19 de Janeiro de 2017

Lembra dela?

Em viagem oficial ao Oriente Médio nesta semana, o governador Camilo Santana (ainda no PT, apesar do noticiário) conversou com investidores do Irã sobre a instalação de uma refinaria no Ceará.  E Dubai, nos Emirados Árabes, visitou “a maior usina de dessalinização do planeta”, empresa italiana que “demonstrou interesse em instalar unidade no Ceará”.

Em novembro do ano passado Camilo assinou um memorando de estudos para avaliar condições para uma refinaria, desta vez chinesa, aqui no Estado. Não faz muito tempo, o assessor especial para assuntos internacionais do governo cearense, Antonio Balhmann, conversou com fabricantes de tratores na Bielorrússia.

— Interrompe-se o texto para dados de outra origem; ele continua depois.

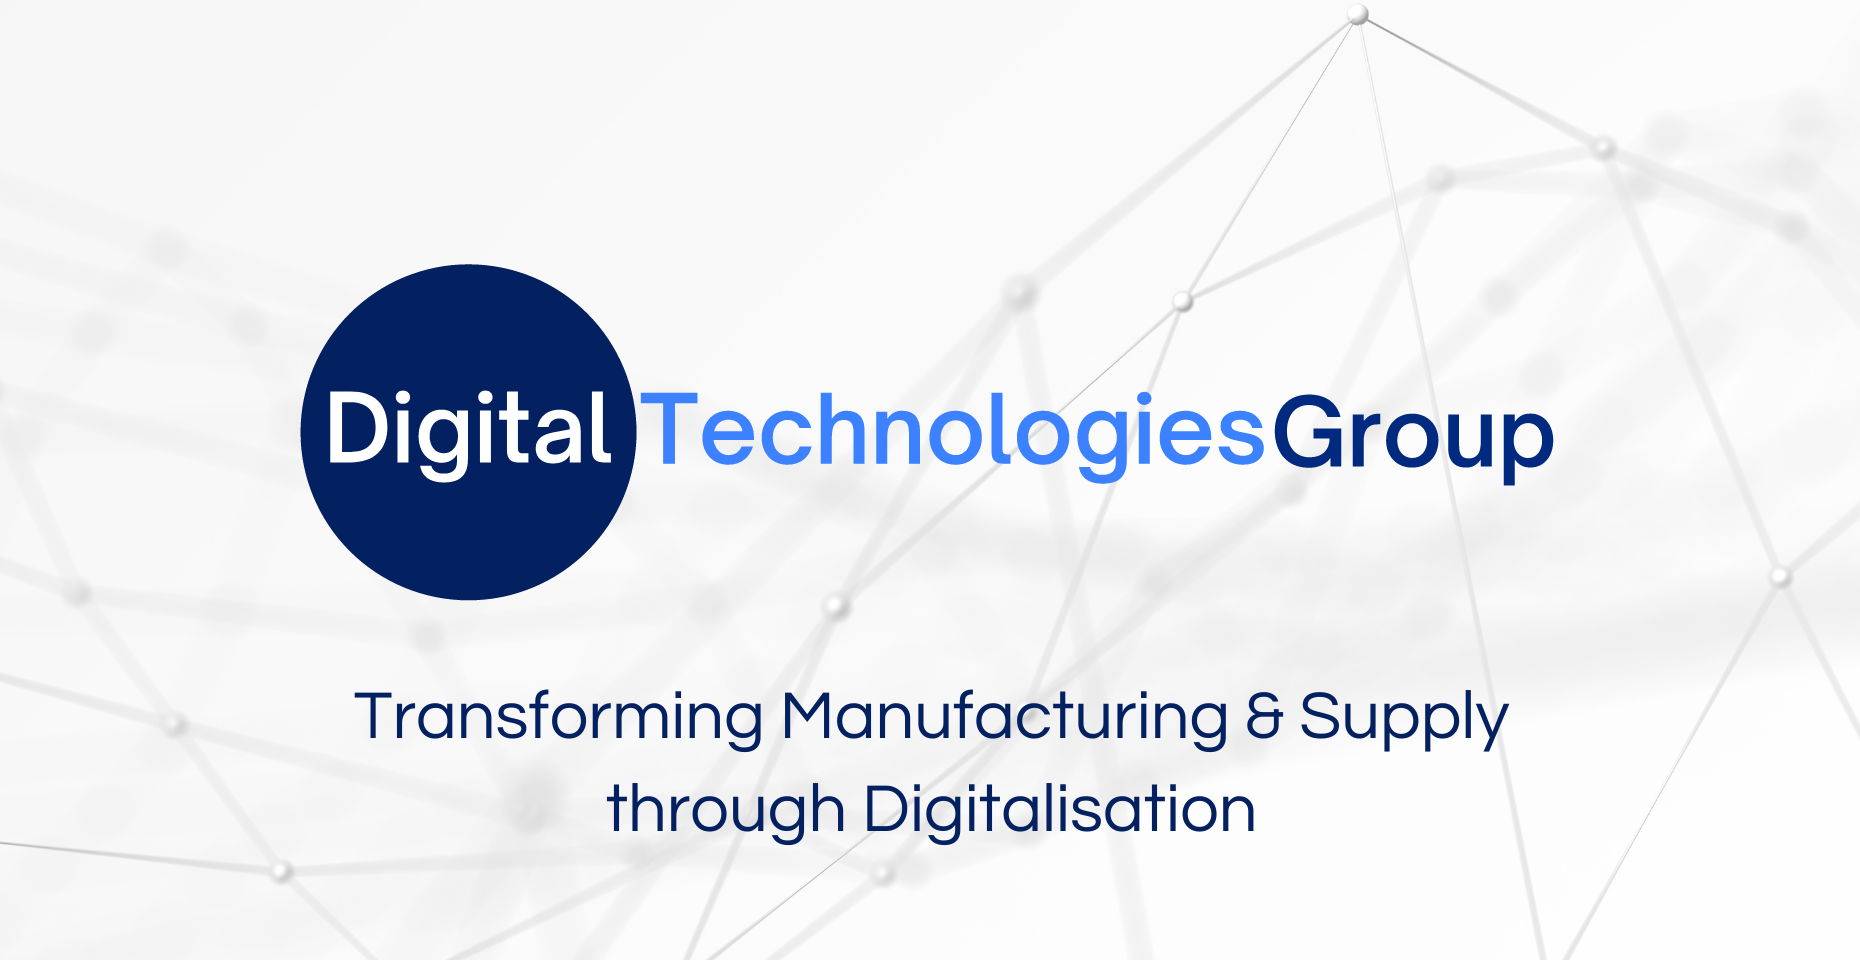 Digital Technologies Group
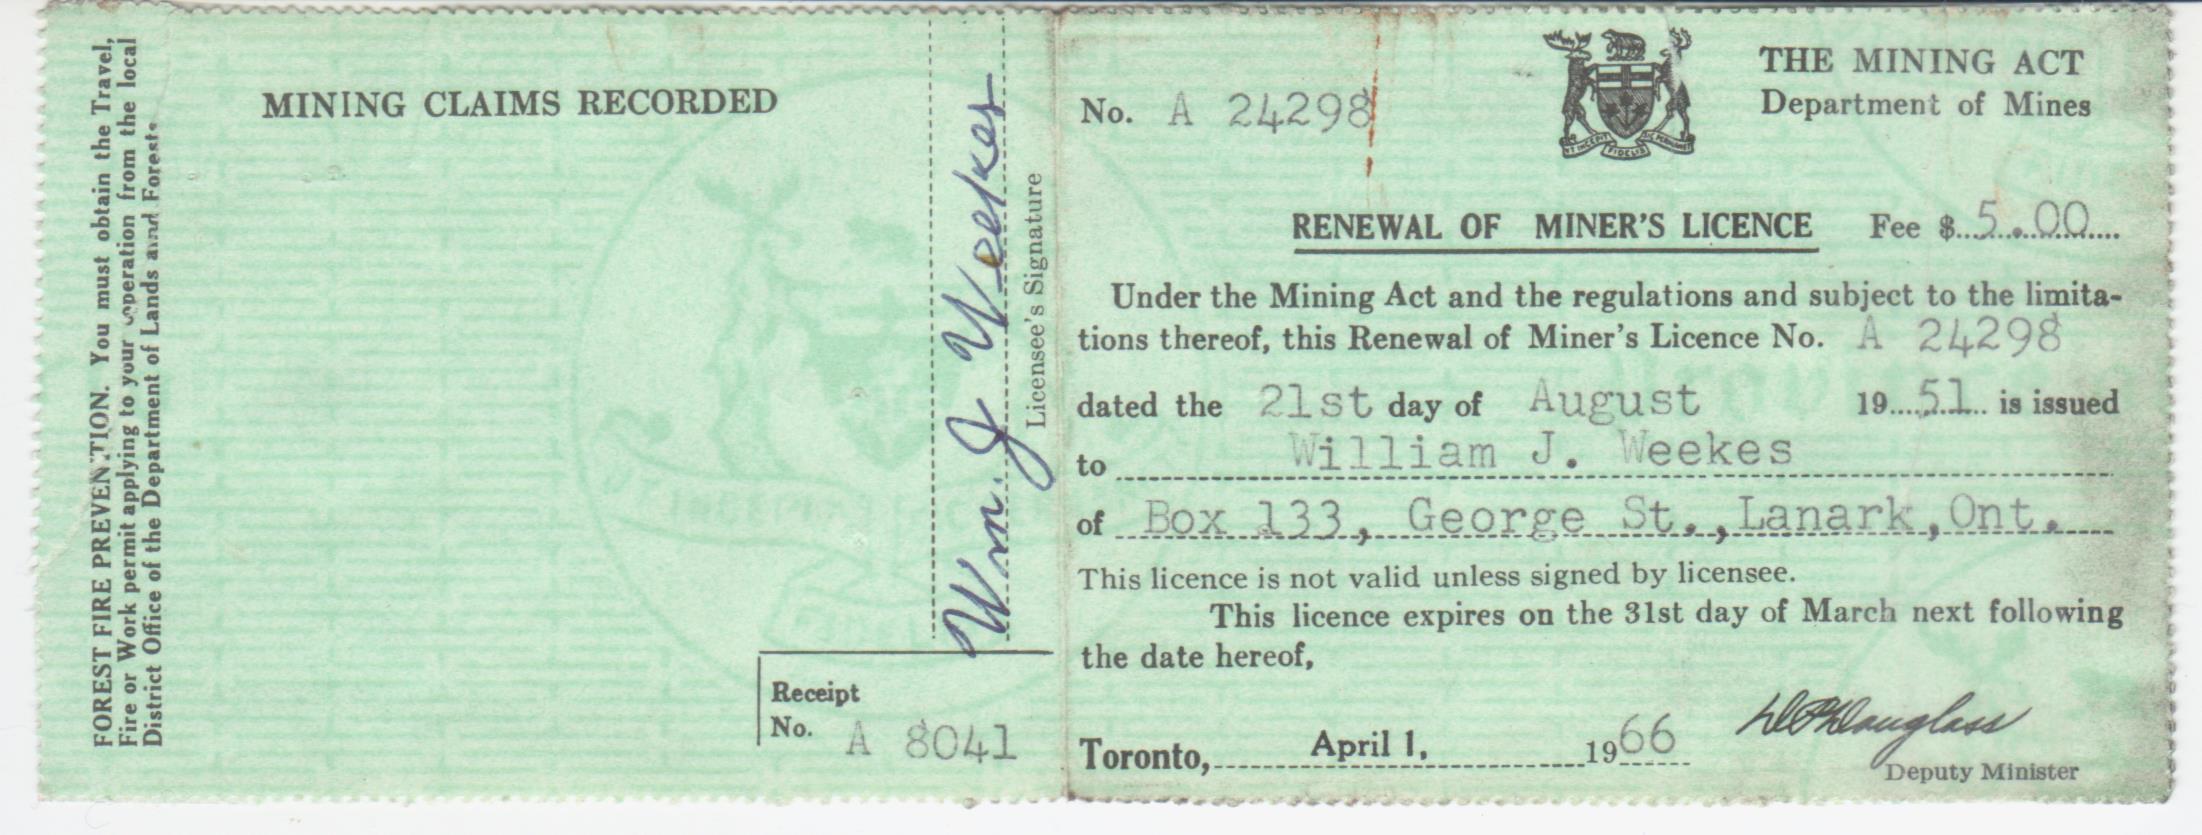 Norman's miner's license

Naturalmente, o governo acerta quando procura investimentos, mas se arrisca ao alimentar expectativas com base em tratativas tão iniciais. Não se trata de ser otimista ou pessimista, mas de guardar prudência para não confundir desejo com realização. É preciso tratar prospecção como prospecção e não como missão cumprida. Nesse sentido, o alarde sobre possibilidades pode gerar ilusões que mais à frente gerem constrangimento. Quanto maior a esperança atiçada, maior pode ser a decepção, como no caso da refinaria da Petrobras que seria construída no Ceará.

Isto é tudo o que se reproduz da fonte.